Instability after anterior cruciate ligament rupture

Authors

  • Thomas Fridén
  • Karola Sommerlath
  • Niels Egund
  • Jan Gillquist
  • Leif Ryd
  • Anders Lindstrand

DOI:

https://doi.org/10.1080/17453679209169715

Abstract

Manual tests and 2 external devices were used together with roentgen stereophotogrammetry (RSA) and an active weight-bearing radiographic method to measure the sagittal laxity in 11 knees with anterior-cruciate-ligament rupture. In 5 knees no ligament surgery had been performed (unstable knees) and in 6 knees a reconstruction had been performed one year before the examination (stable knees). There were positive correlations between all methods, including the manual tests when all knees, both stable and unstable, were analyzed together. However, the mean values of the total displacement differed between the methods, especially when comparing the weight-bearing radiographs with the three other methods.

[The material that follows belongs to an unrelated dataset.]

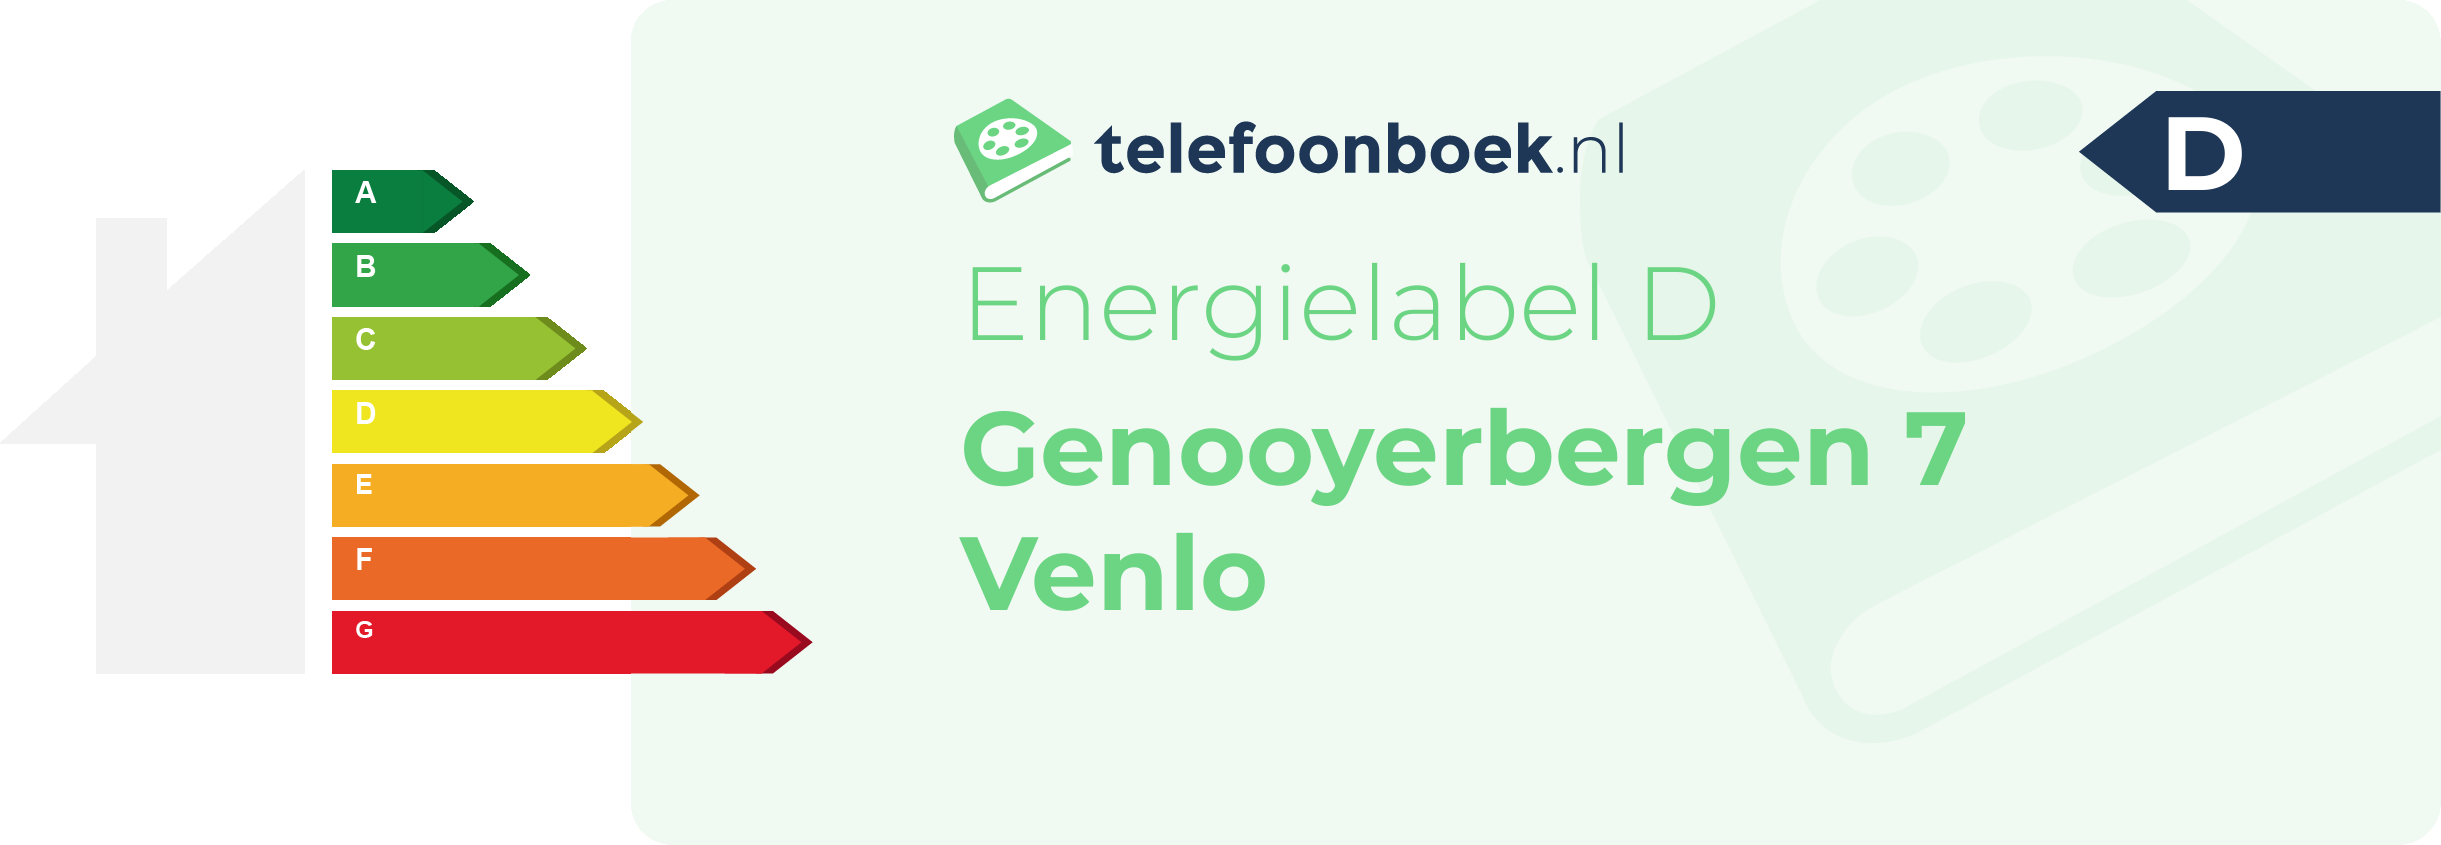 Energielabel Genooyerbergen 7 Venlo

Some knees with substantial displacement during passive loading did not show any displacement when weight bearing; the measurements thus depended on both the ligamentous laxity and the patient's neuromuscular control of the joint. When the stable knees were analyzed separately, higher mean values were recorded with the external devices than with RSA using 180 N load. This could be explained by an error from soft tissue deformation which added to the skeletal displacement when the external devices were used.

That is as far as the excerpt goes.